The restriction on $\gamma$ is satisfied by any \ti (where $\gamma=0$) as well as for all three queries of the PDBench \bi benchmark (Please see \Cref{app:subsec:experiment} for experimental results).

Finally, we address the $\multc{\log\left(\abs{\circuit}(1,\ldots, 1)\right)}{\log\left(\size(\circuit)\right)}$ term in the runtime. %In \cref{susec:proof-val-up}, we show the following:
\begin{Lemma}
\label{lem:val-ub}
For any circuit $\circuit$ with $\degree(\circuit)=k$, we have
\[\abs{\circuit}(1,\ldots, 1)\le 2^{2^k\cdot \size(\circuit)}.\]
Further, under either of the following conditions:
\begin{enumerate}
\item $\circuit$ is a tree,
\item $\circuit$ encodes the run of the algorithm in~\cite{DBLP:conf/pods/KhamisNR16} on an FAQ query,
\end{enumerate}
we have
\[\abs{\circuit}(1,\ldots, 1)\le  \size(\circuit)^{O(k)}.\]
\end{Lemma}

Note that the above implies that with the assumption $\prob_0>0$ and $\gamma<1$ are absolute constants from \Cref{cor:approx-algo-const-p}, then the runtime there simplies to $O_k\left(\frac 1{\inparen{\error'}^2}\cdot\size(\circuit)^2\cdot \log{\frac{1}{\conf}}\right)$ for general circuits $\circuit$ and to $O_k\left(\frac 1{\inparen{\error'}^2}\cdot\size(\circuit)\cdot \log{\frac{1}{\conf}}\right)$ for the case when $\circuit$ satisfies the special conditions in~\Cref{lem:val-ub}. In~\Cref{app:proof-lem-val-ub} we argue that these conditions are very general and encompass many interesting scenarios.

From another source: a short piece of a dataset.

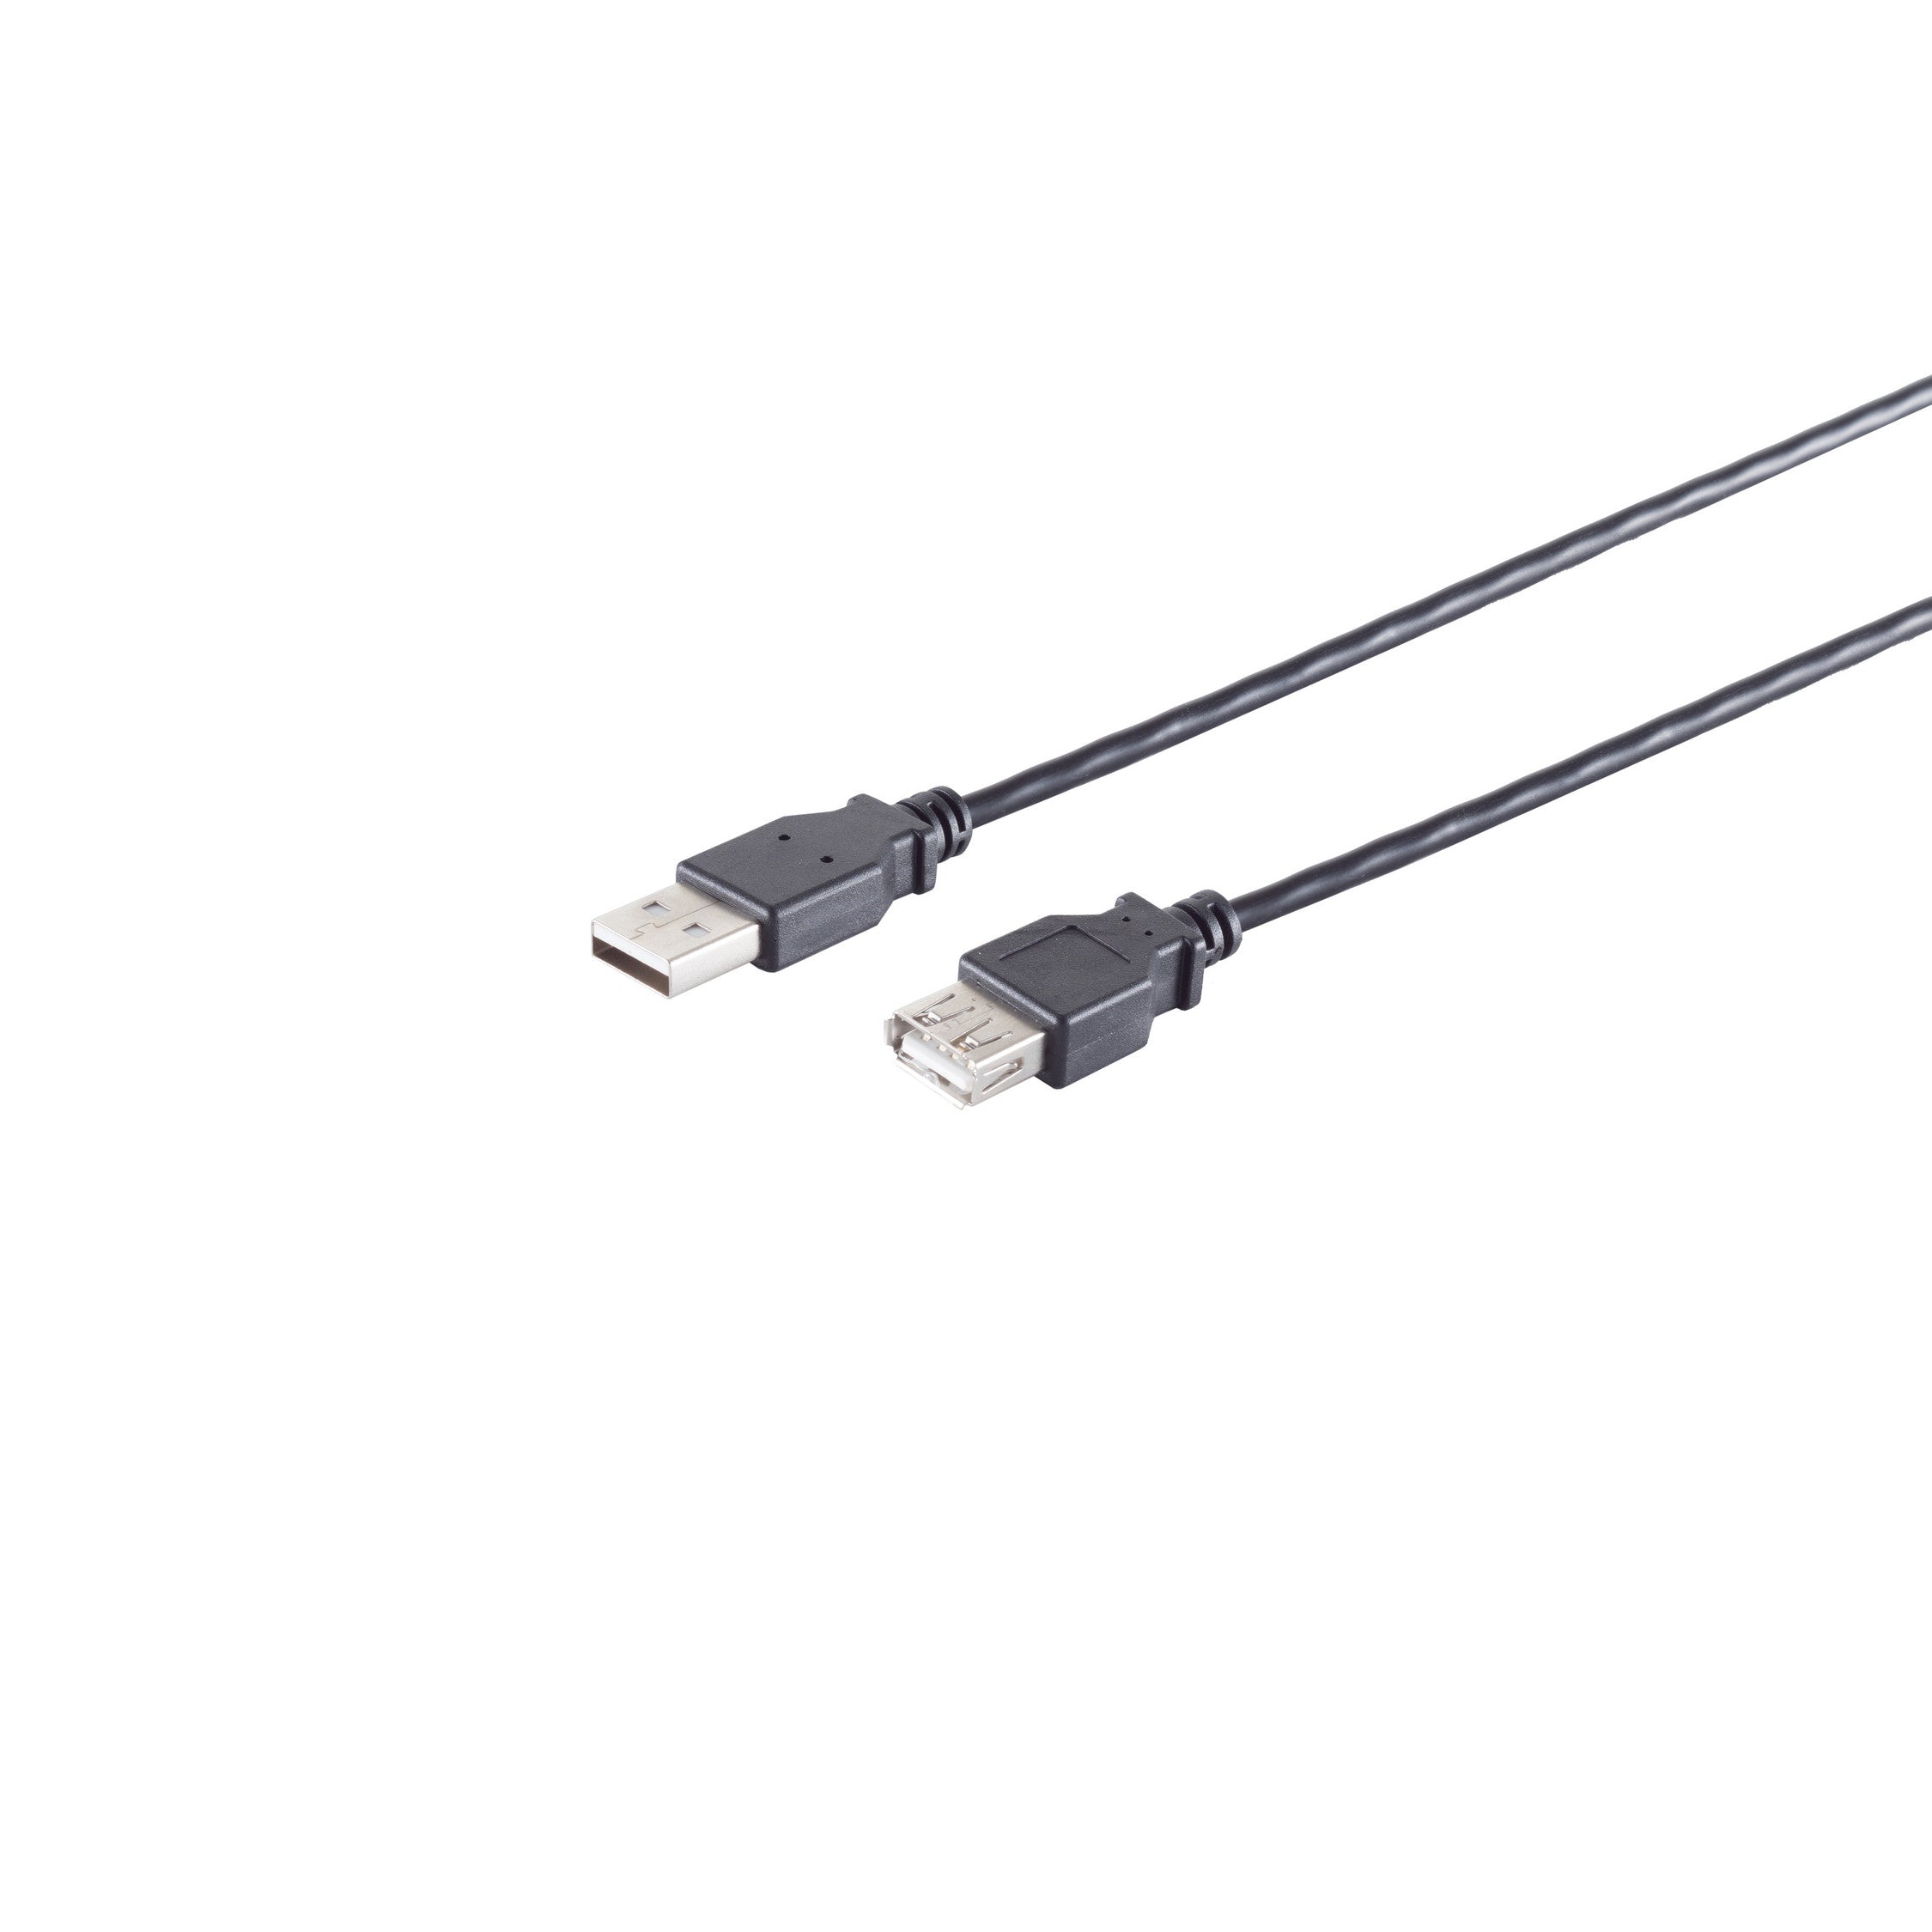 USB High Speed 2.0 Verlängerung, A/A Buchse, USB 2.0, schwarz, 1,0m

\subsection{Approximating $\rpoly$}
\approxq (\cref{alg:mon-sam}) modifies \circuit with a call to \onepass.  It then samples from $\circuit_{\vari{mod}}\numsamp$ times and uses that information to approximate $\rpoly$.


\subsubsection{Correctness}

In order to prove~\Cref{lem:approx-alg}, we will need to argue the correctness of \approxq, which relies on the correctness of auxiliary algorithms \onepass and \sampmon.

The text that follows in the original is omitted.